Records shown Start Marker

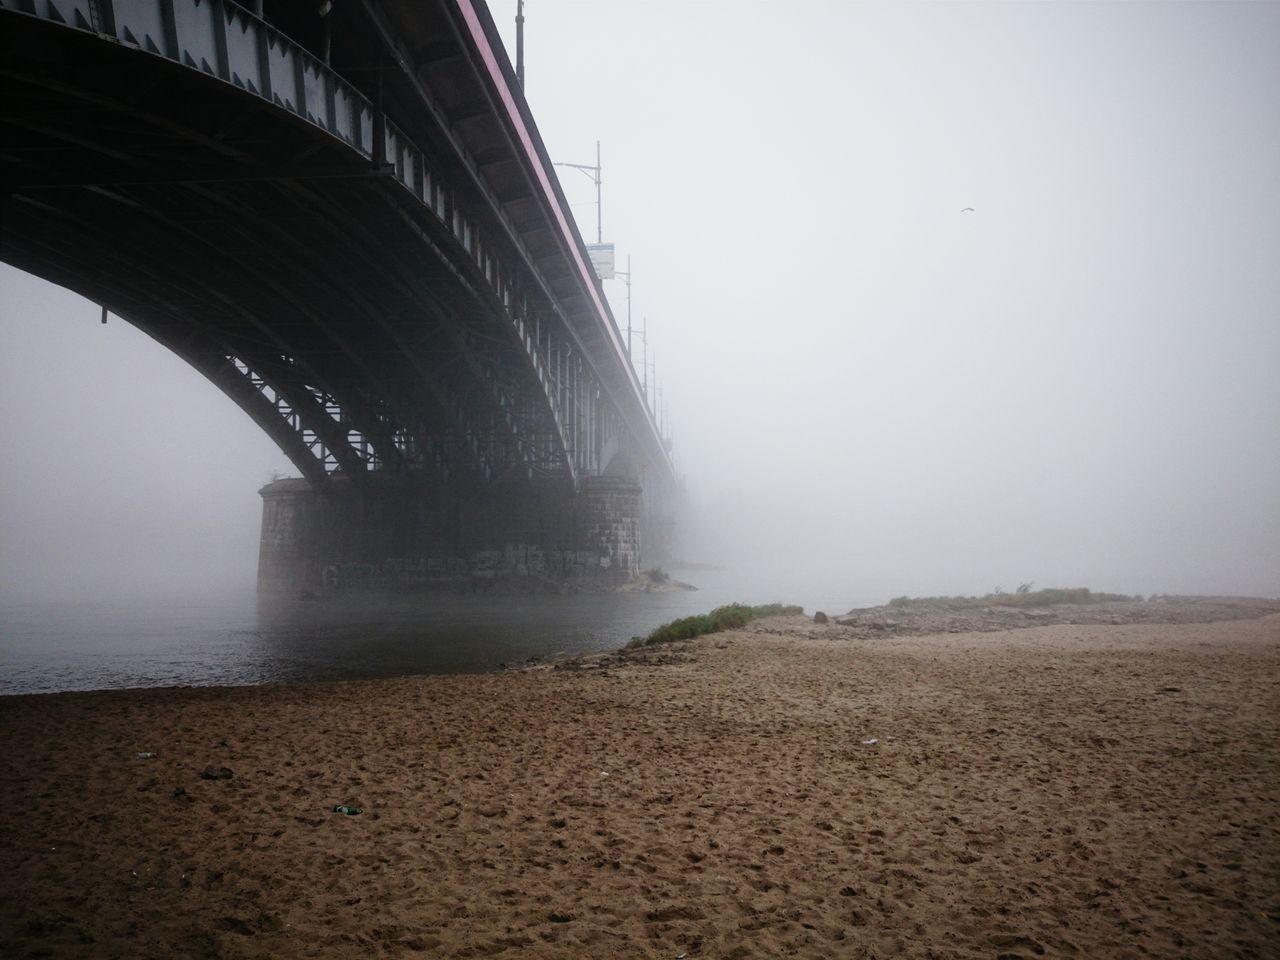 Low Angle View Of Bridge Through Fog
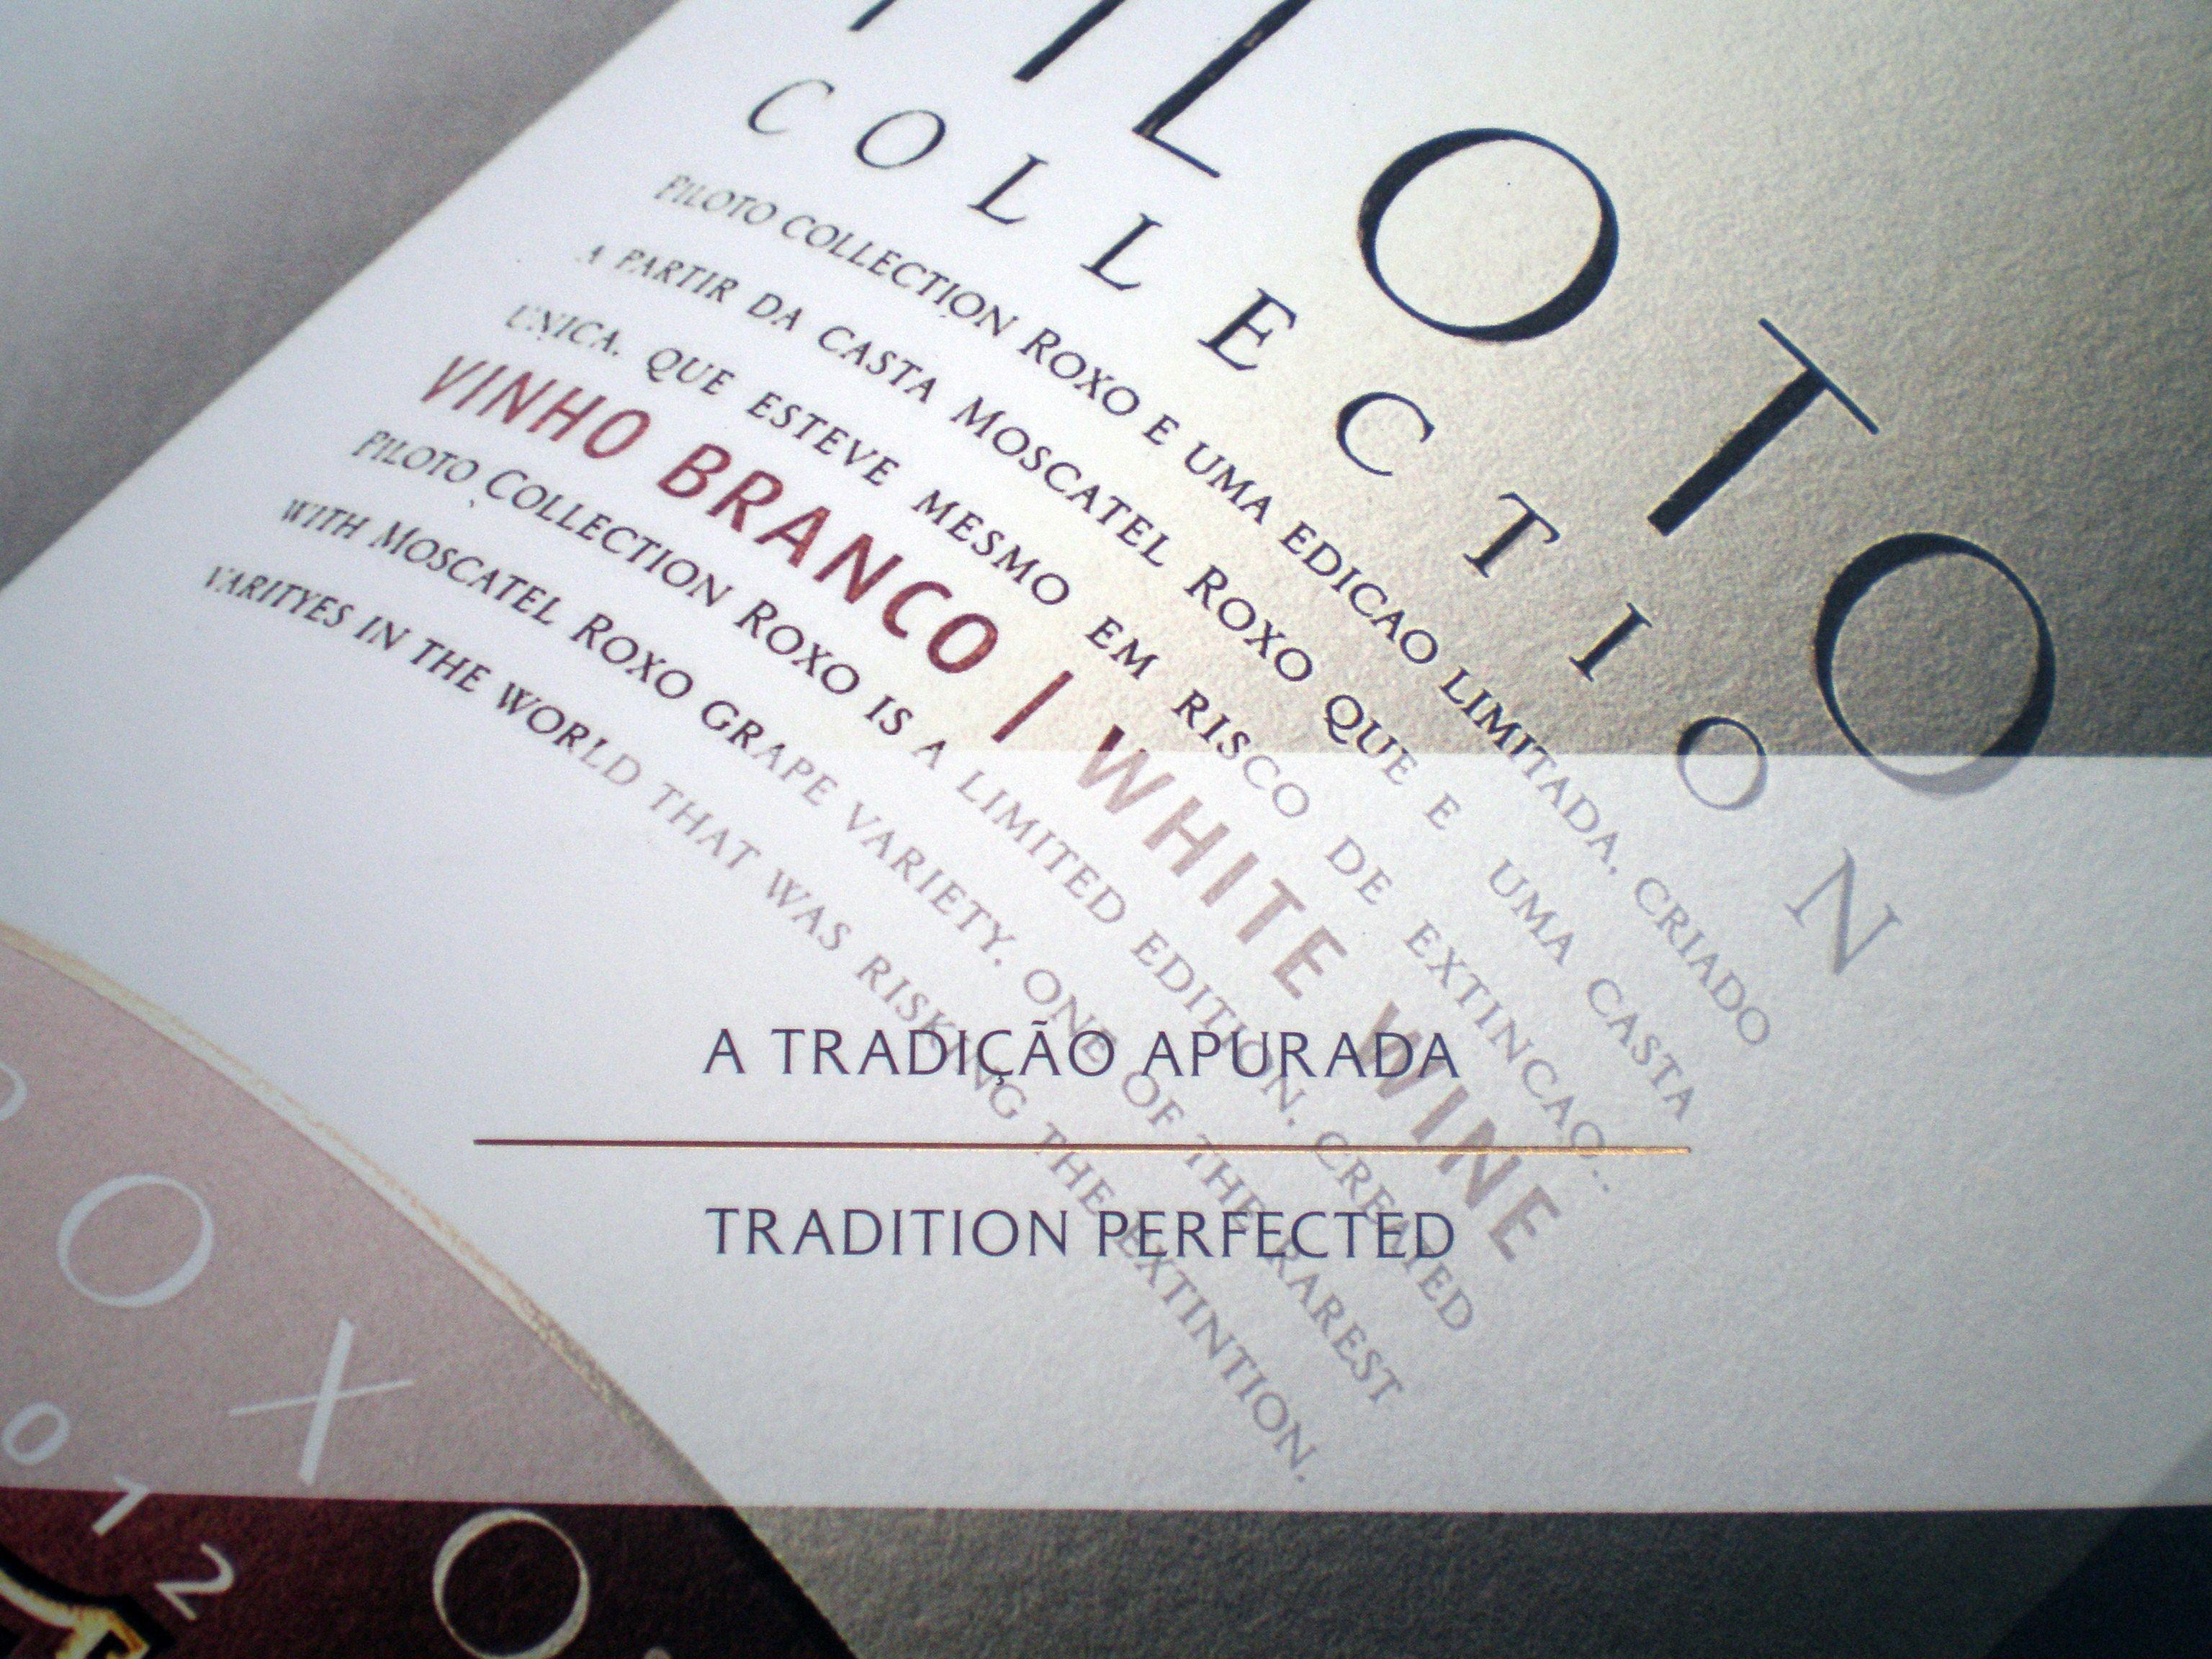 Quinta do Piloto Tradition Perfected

Records shown End Marker
Records shown Start Marker

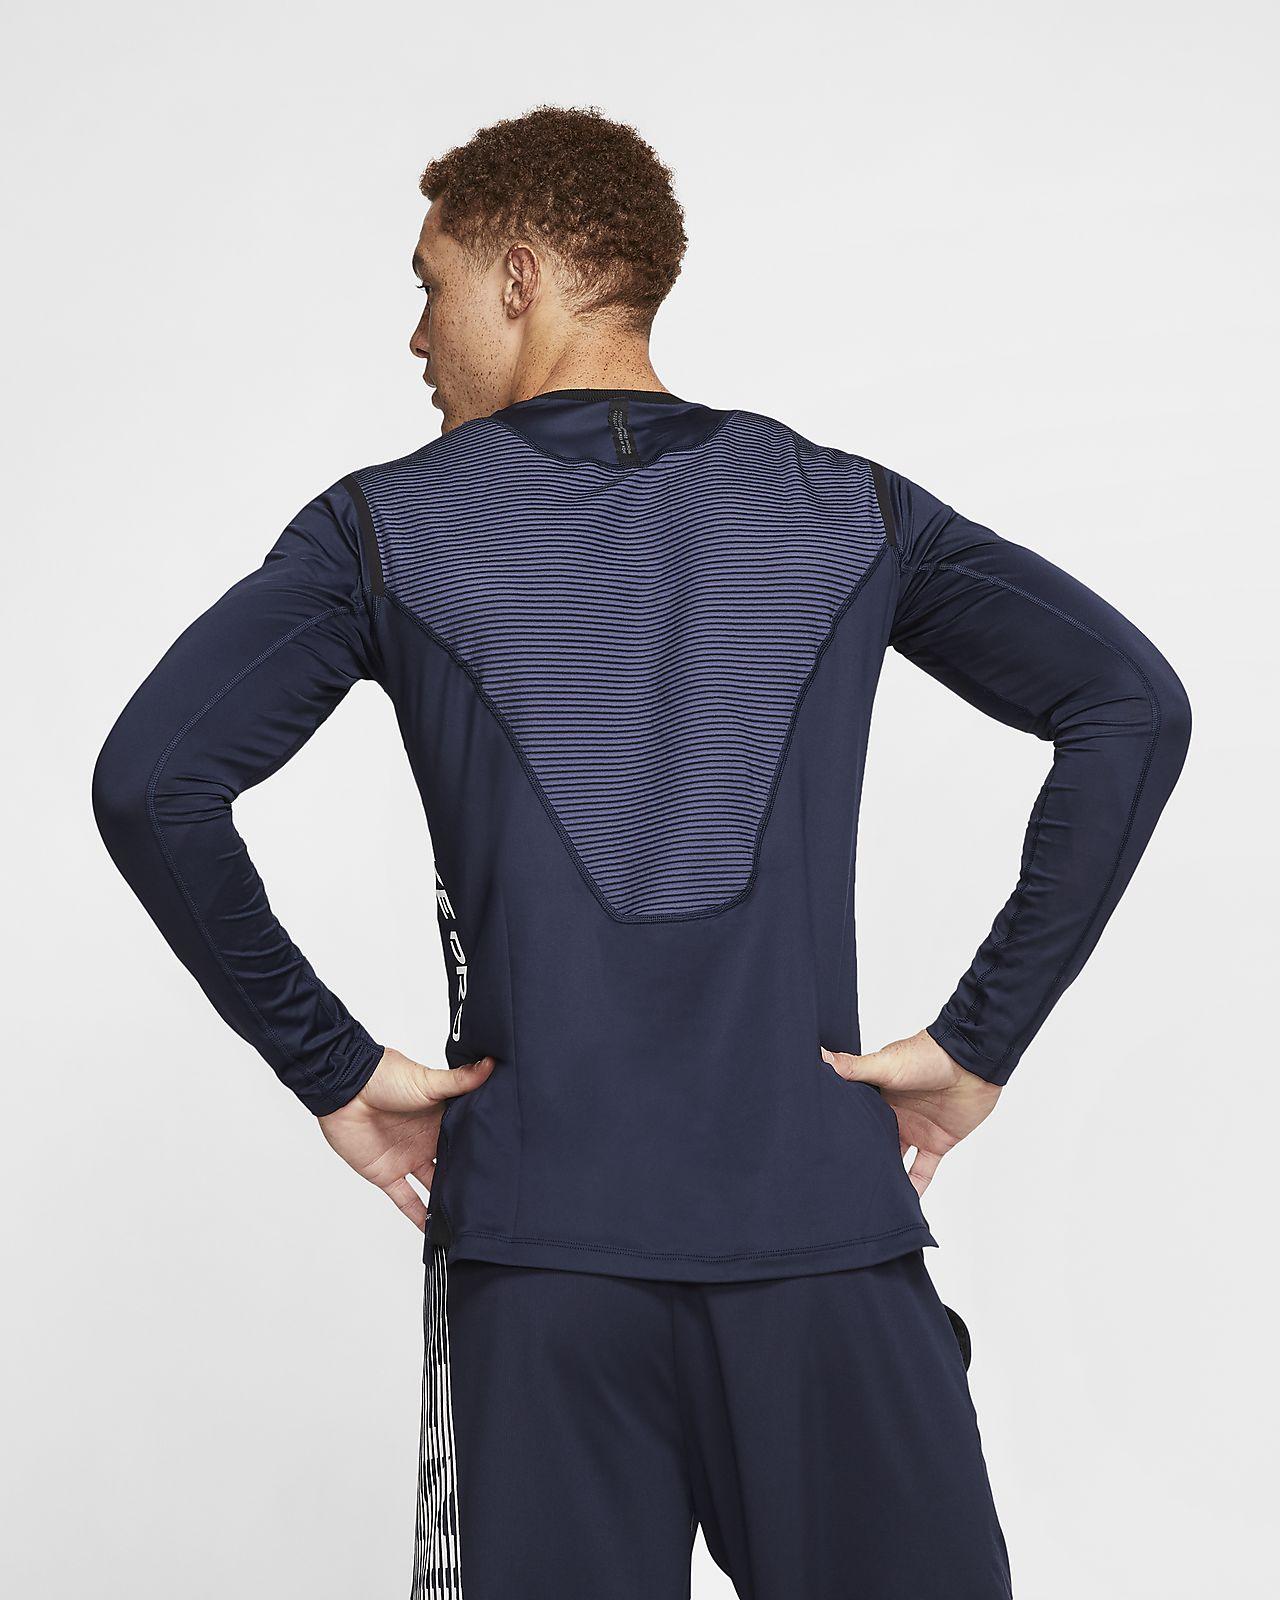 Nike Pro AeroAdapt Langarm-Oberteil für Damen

Records shown End Marker

*Prompt*: Copy word for word the lines above, starting at the line containing "Low Angle View Of Bridge Through Fog" and ending at the line containing "Quinta do Piloto Tradition Perfected", inclusive, with no pictures.

*Completed exercise*:
 Low Angle View Of Bridge Through Fog
 Quinta do Piloto Tradition Perfected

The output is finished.